• DATA:
══════════

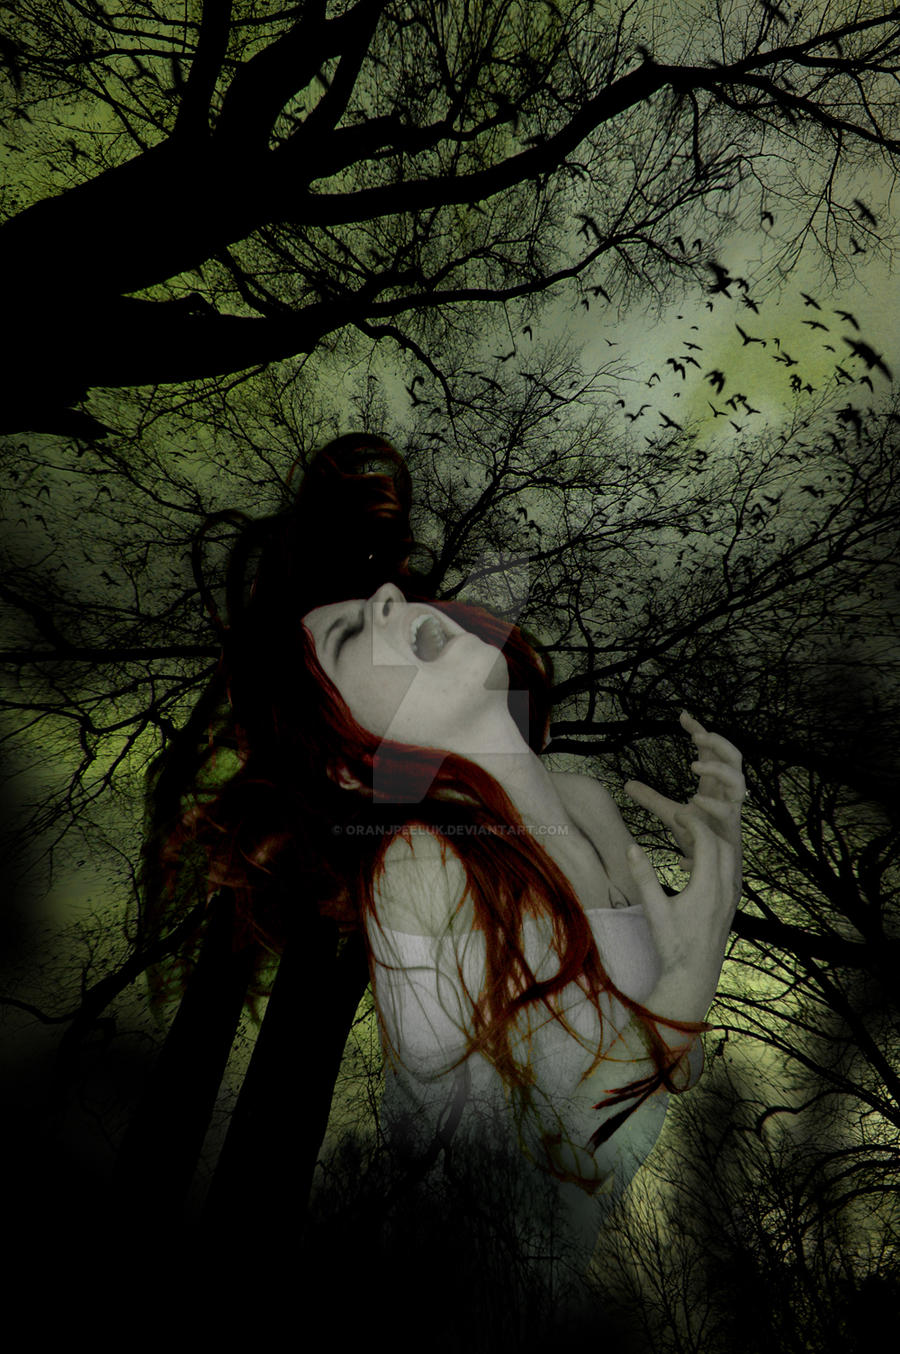 Soul Scream by oranjpeeluk
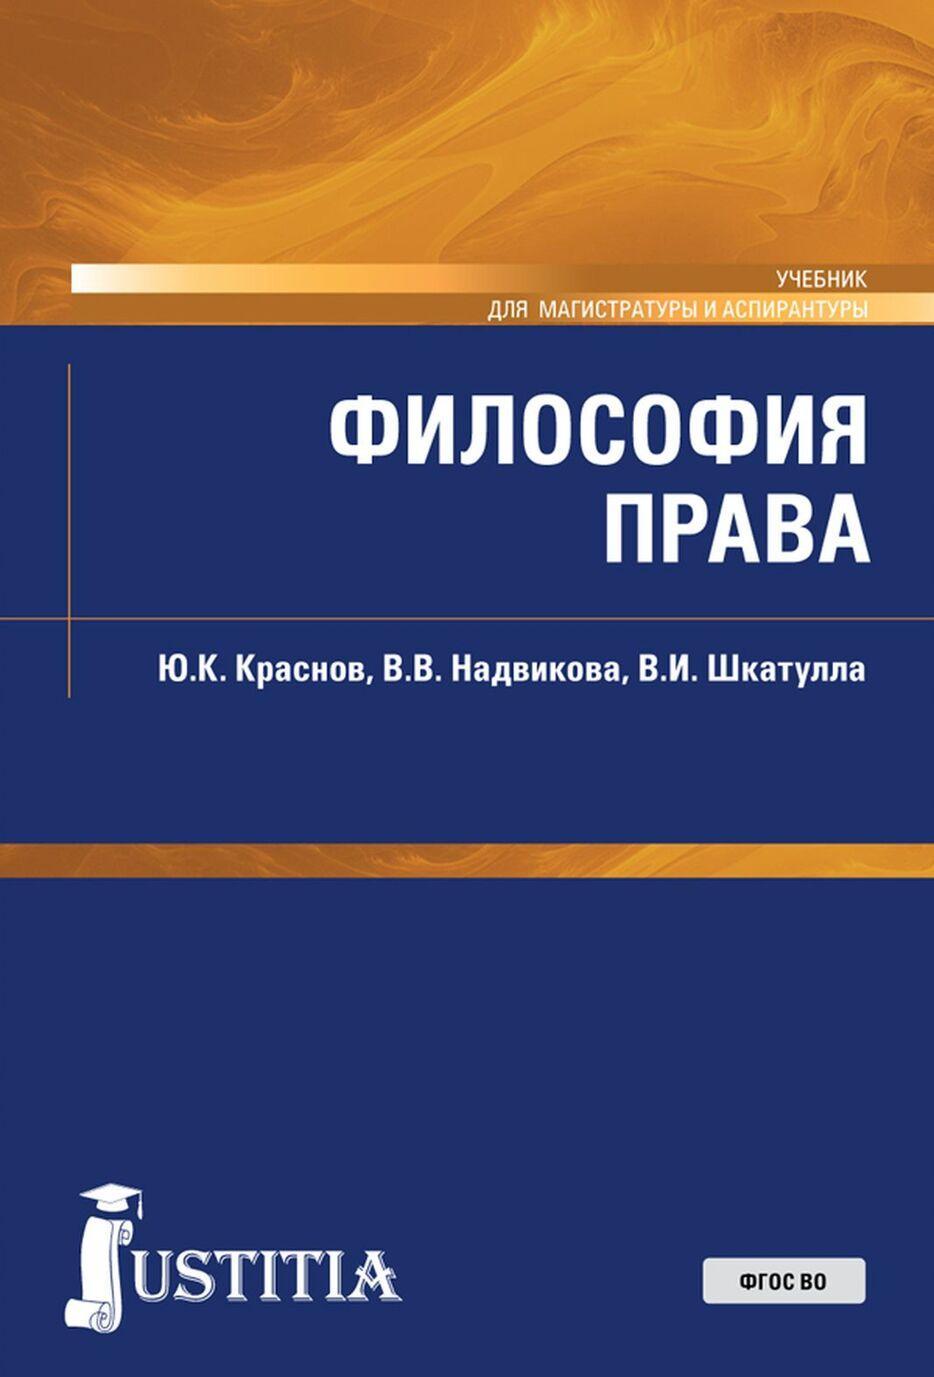 Filosofija prava. Uchebnik | Krasnov Jurij Konstantinovich, Nadvikova Valentina Vasilevna
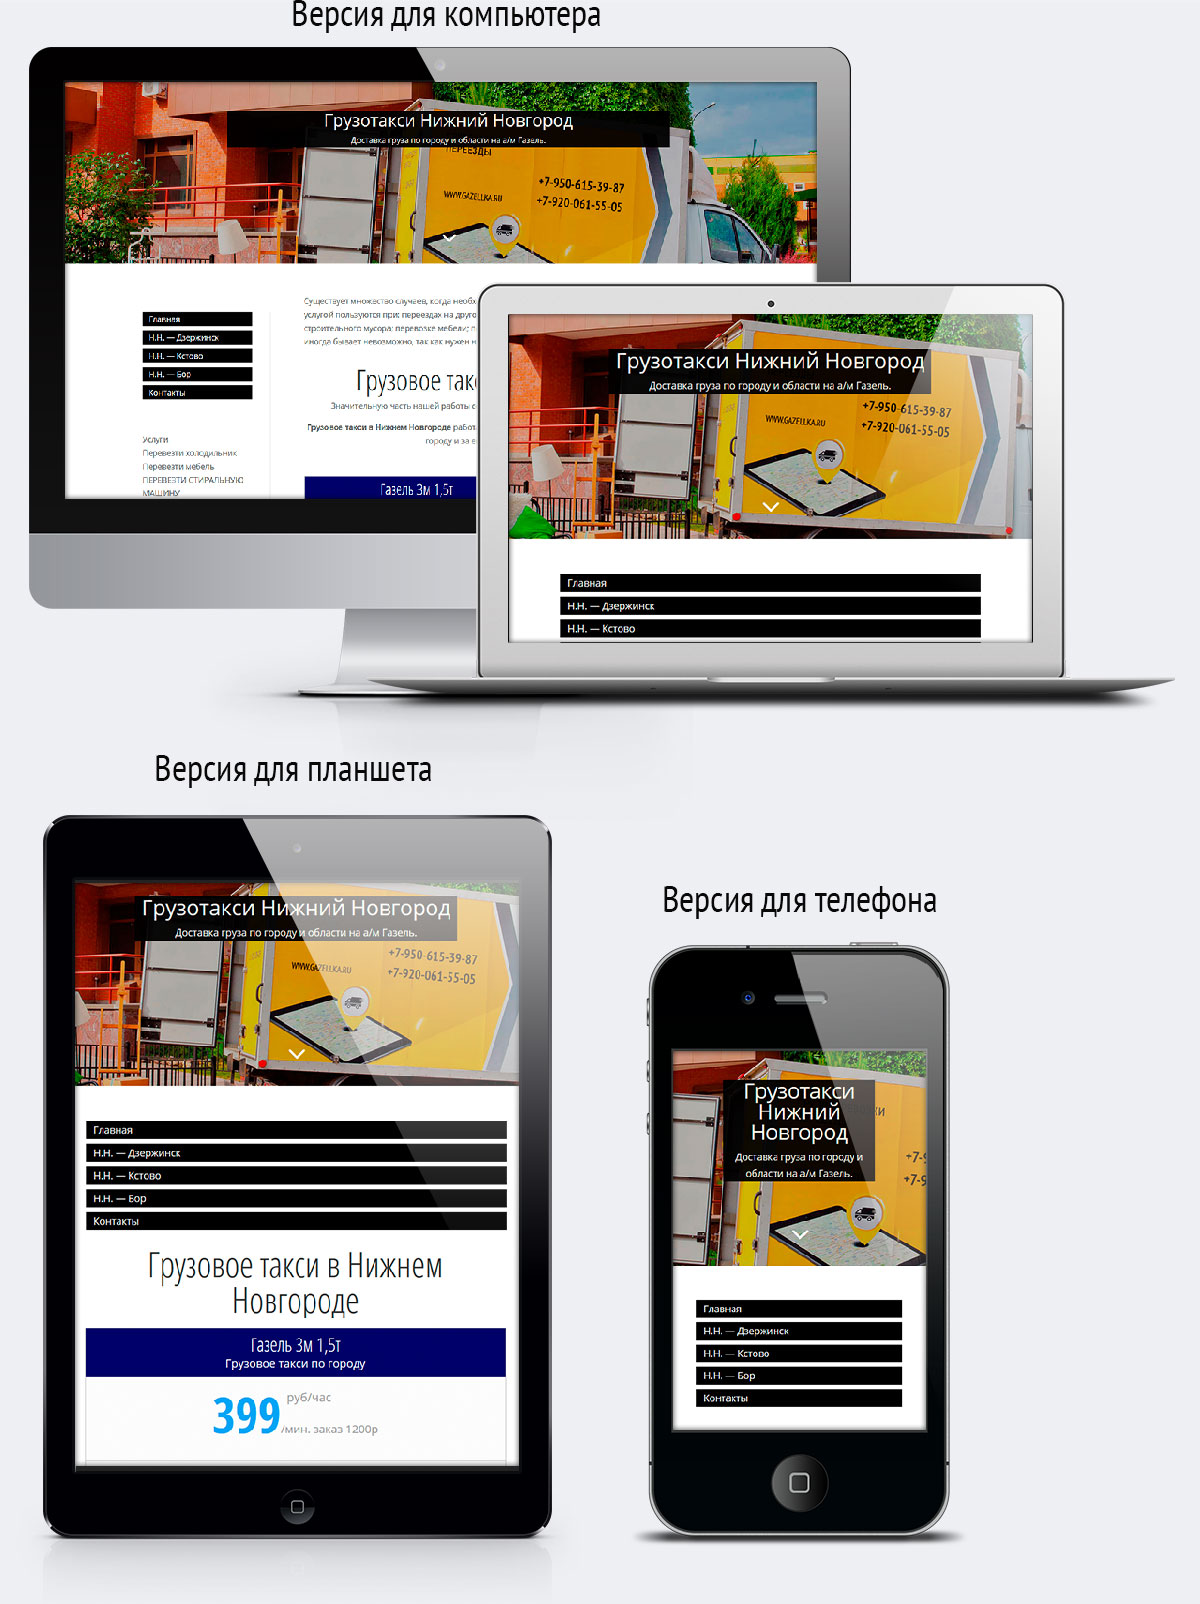 Бизнес сайт для грузотакси

══════════

• TASK REQUIREMENTS: Would you restate word for word only the lines from the one containing "Filosofija prava. Uchebnik" to the final line of the material, both ends included, without any pictures?

• SOLUTION BELOW:
 Filosofija prava. Uchebnik | Krasnov Jurij Konstantinovich, Nadvikova Valentina Vasilevna
 Бизнес сайт для грузотакси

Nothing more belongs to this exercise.